DEAL: High-Efficacy Privacy Attack on Retrieval-Augmented Generation Systems via LLM Optimizer
Keywords: Retrieval-Augmented Generation, Data Privacy
TL;DR: We use LLM to optimize the attack string to efficiently steal data from the privacy database of the RAG model.
Abstract: Retrieval-Augmented Generation (RAG) technology provides a powerful means of combining private databases with large language models (LLMs).
In a typical RAG system, a set of documents is retrieved from a private database and inserted into the final prompt, which is then fed into the LLM.
Existing research has shown that an attacker can use a simple manually designed attack suffix to induce LLM to output private documents in prompt with high probability.
However, in this paper, we demonstrate that the privacy leakage risk exhibited by using this simple manual attack suffix is significantly underestimated.

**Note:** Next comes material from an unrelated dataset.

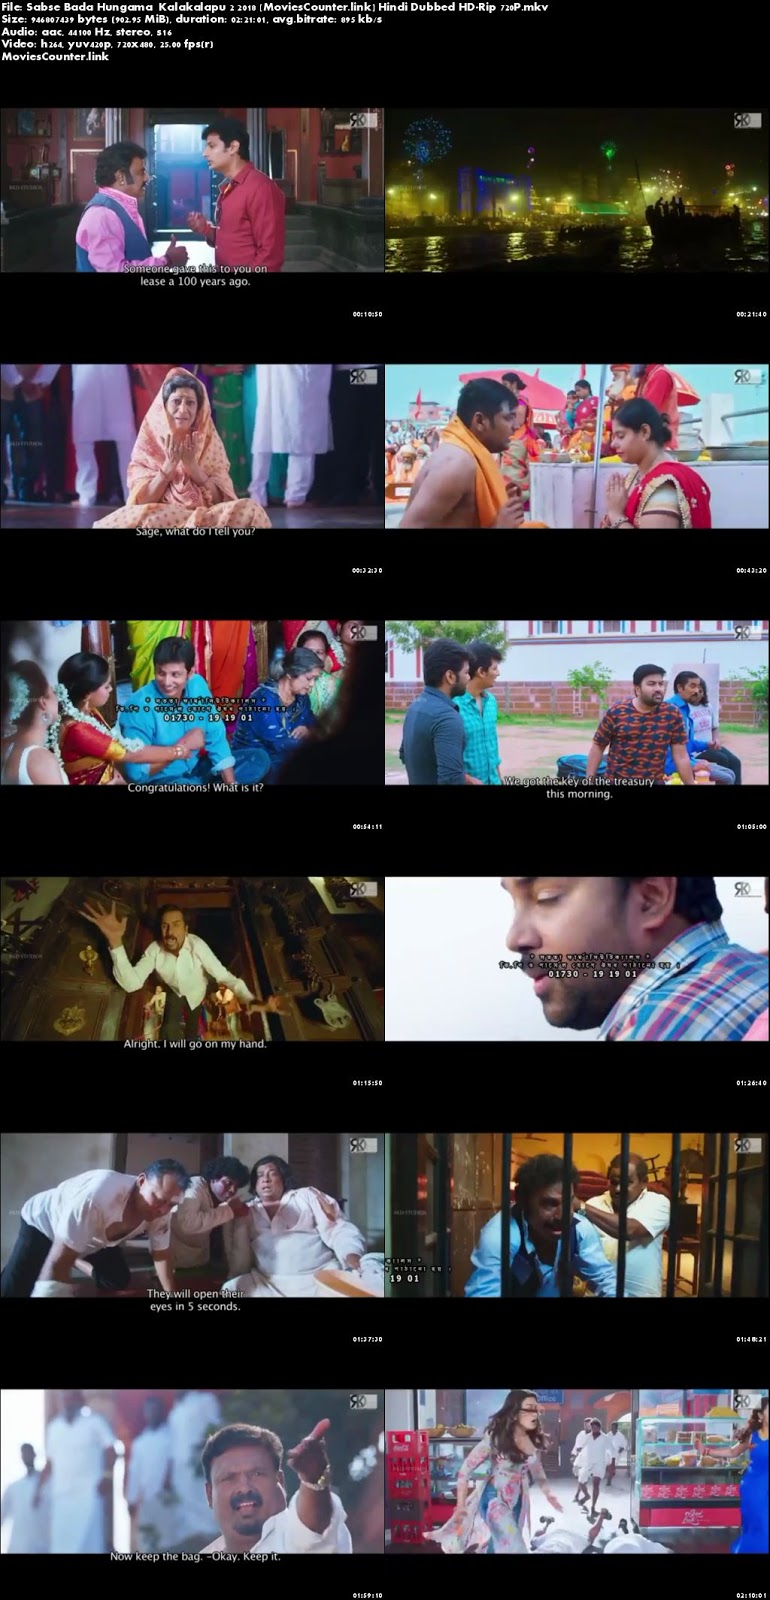 Screen shot Kalakalapu 2 2018 Hindi Dubbed HD 720p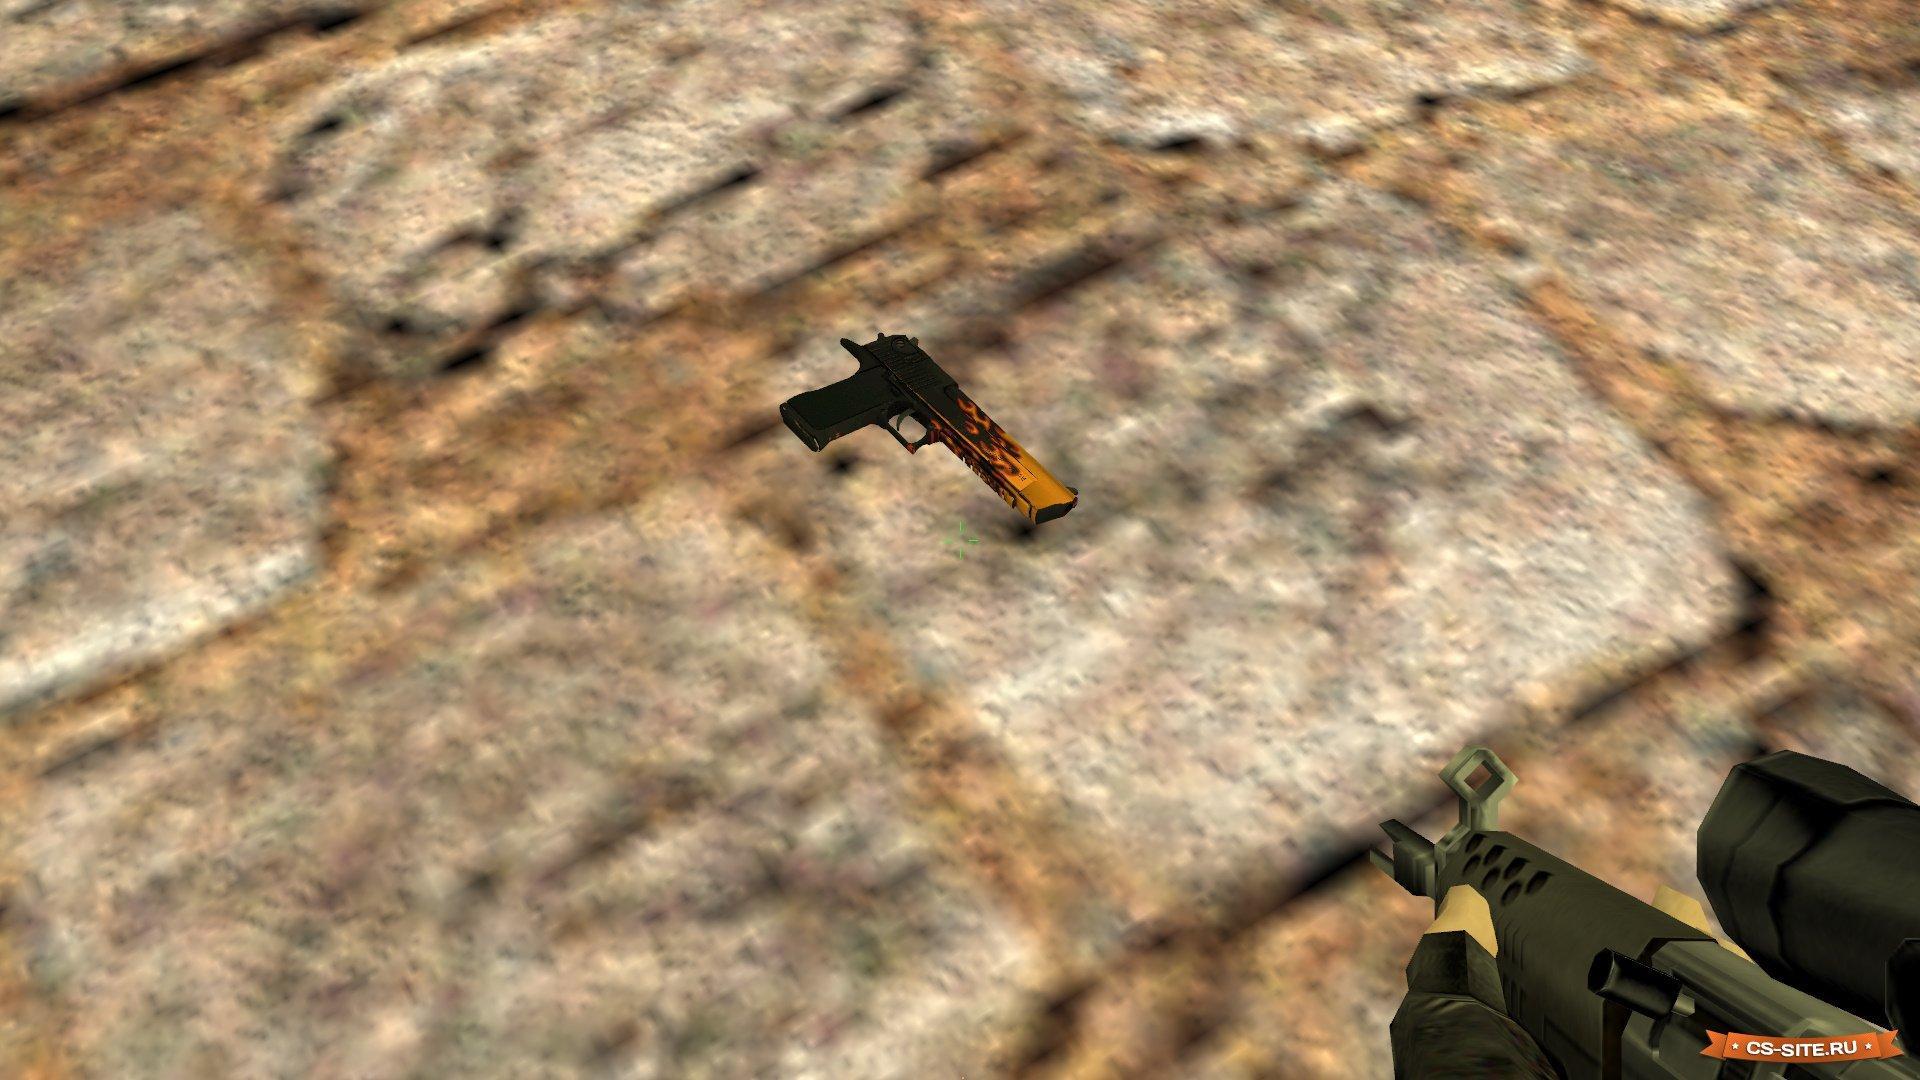 Скачать модель desert eagle wild fire deagle модели оружия.

We propose a novel attack method called Documents Extraction Attack via LLM-Optimizer (DEAL).
DEAL leverages an LLM as optimizer to iteratively refine attack strings, inducing the RAG model to reveal private data in its responses.
Notably, our attack method does not require any knowledge about the target LLM, including its gradient information or model type.
Instead, the attack can be executed solely through query access to the RAG model.
We evaluate the effectiveness of our attack on multiple LLM architectures, including Qwen2, Llama3.1, and GPT-4o, across different attack tasks such as Entire Documents Extraction and Private Identity Information (PII) Extraction.
Under the same permission setting as the existing method, the Mean Rouge-L Recall (MRR) of our method can reach more than 0.95 on average in the Entire Documents Extraction task, and we can steal PII from the retrieved documents with close to 99\% accuracy in the PII Extraction task, highlighting the risk of privacy leakage in RAG systems.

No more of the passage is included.